We further investigated if a reverse relationship existed between the cholesterol level and the LDLR gene expression in a porcine jejunal epithelial cell line, IPEC-J2, because intestinal epithelial cells are a cell type critical for initiation of HuNoV infection [16]. Cells were treated with multiple concentrations (0 µM, 1 µM, 20 µM, and 80 µM) of simvastatin, and LDLR gene expression was analyzed by quantitative real-time RT-PCR (qRT-PCR). At 12 hours after treatment with 80 µM simvastatin, LDLR gene expression levels in IPEC-J2 cells were significantly increased compared to 0 to 20 µM treated groups (Fig. 1B). At 12 and 24 hours after treatment with 1 to 80 µM simvastatin, the LDLR gene expression levels were significantly increased by 2.4 to 2.7 times compared to untreated groups (Fig. 1B).

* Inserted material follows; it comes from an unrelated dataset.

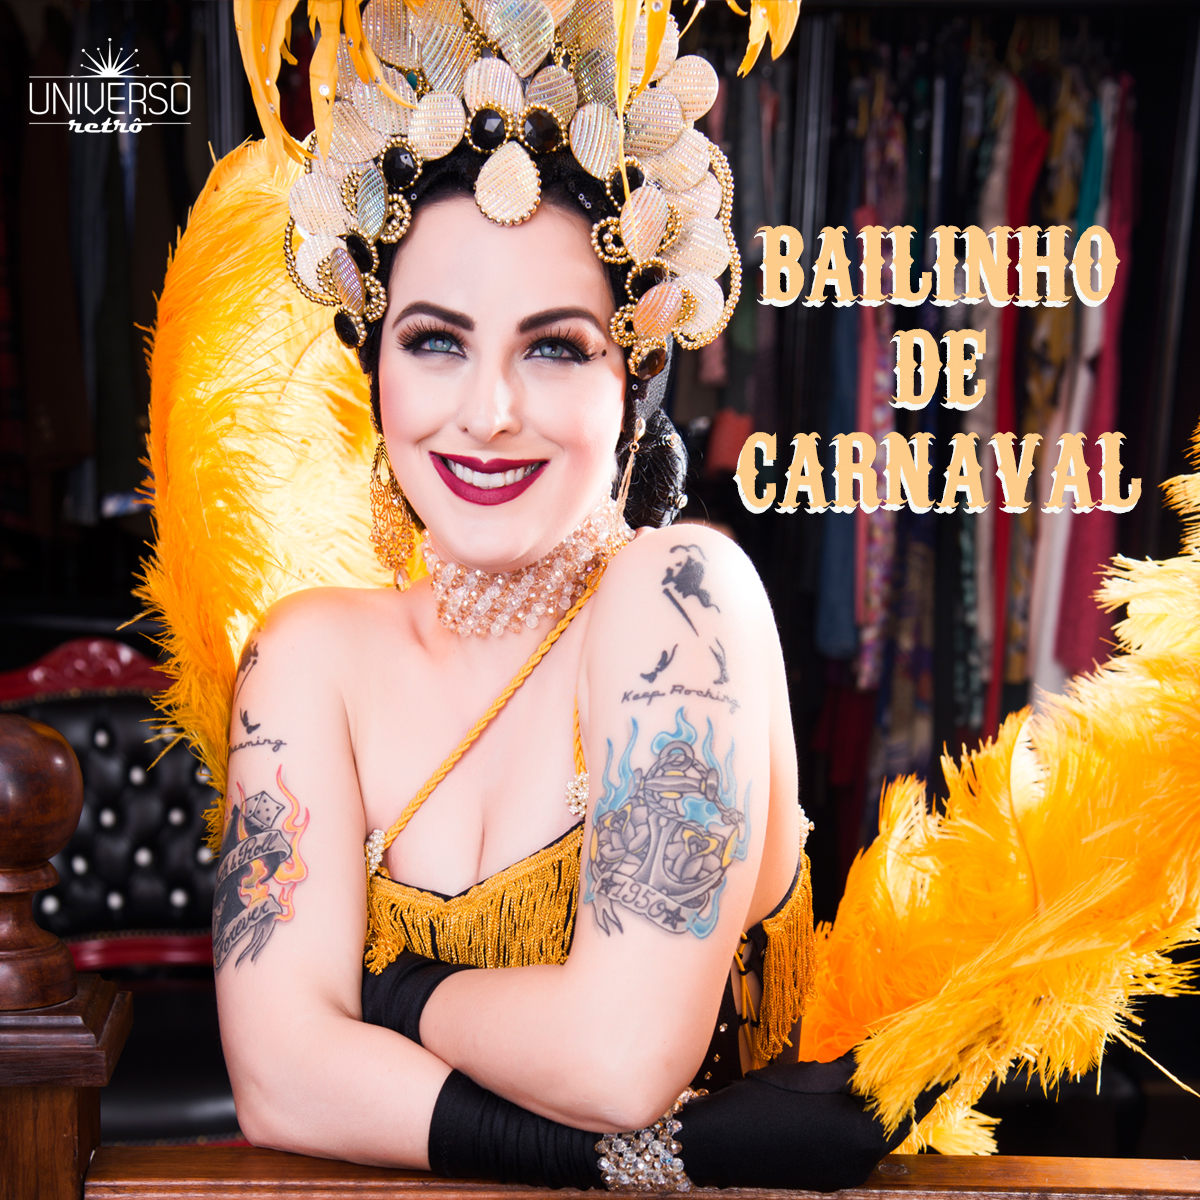 Playlist de Carnaval

Simvastatin Treatment Induced Significantly Earlier Onset and Longer Duration of Fecal HuNoV Shedding in Gn Pigs, Frequently with Higher Fecal HuNoV Titers

Significantly earlier onset of HuNoV shedding was observed in simvastatin-treated pigs, which began shedding at mean post-inoculation day (PID) 1.9±0.2, compared to mean PID 4.8±0.7 in untreated pigs (P<0.01) (Fig. 2A). Significantly longer duration of HuNoV shedding was also observed in simvastatin-treated pigs, which shed for a mean of 15.1±1.1 days, compared to a mean of 8.8±1.7 days in untreated pigs (P<0.01) (Fig. 2B). The mean daily fecal HuNoV titers were compared statistically between simvastatin-treated and untreated pigs in each trial, due to high variability in mean viral titers among the 3 independent trials. Significantly higher viral RNA titers were detected in simvastatin-treated pigs than untreated pigs in Trial 1 (5.44±0.16 log10 genomic equivalents (GE)/ml vs. 4.79±0.05 log10 GE/ml] (P<0.01) and Trial 2 (5.27±0.10 log10 GE/ml vs. 4.97±0.07 log10 GE/ml) (P<0.05) (Fig. 2C). However, no such significant difference was observed in Trial 3.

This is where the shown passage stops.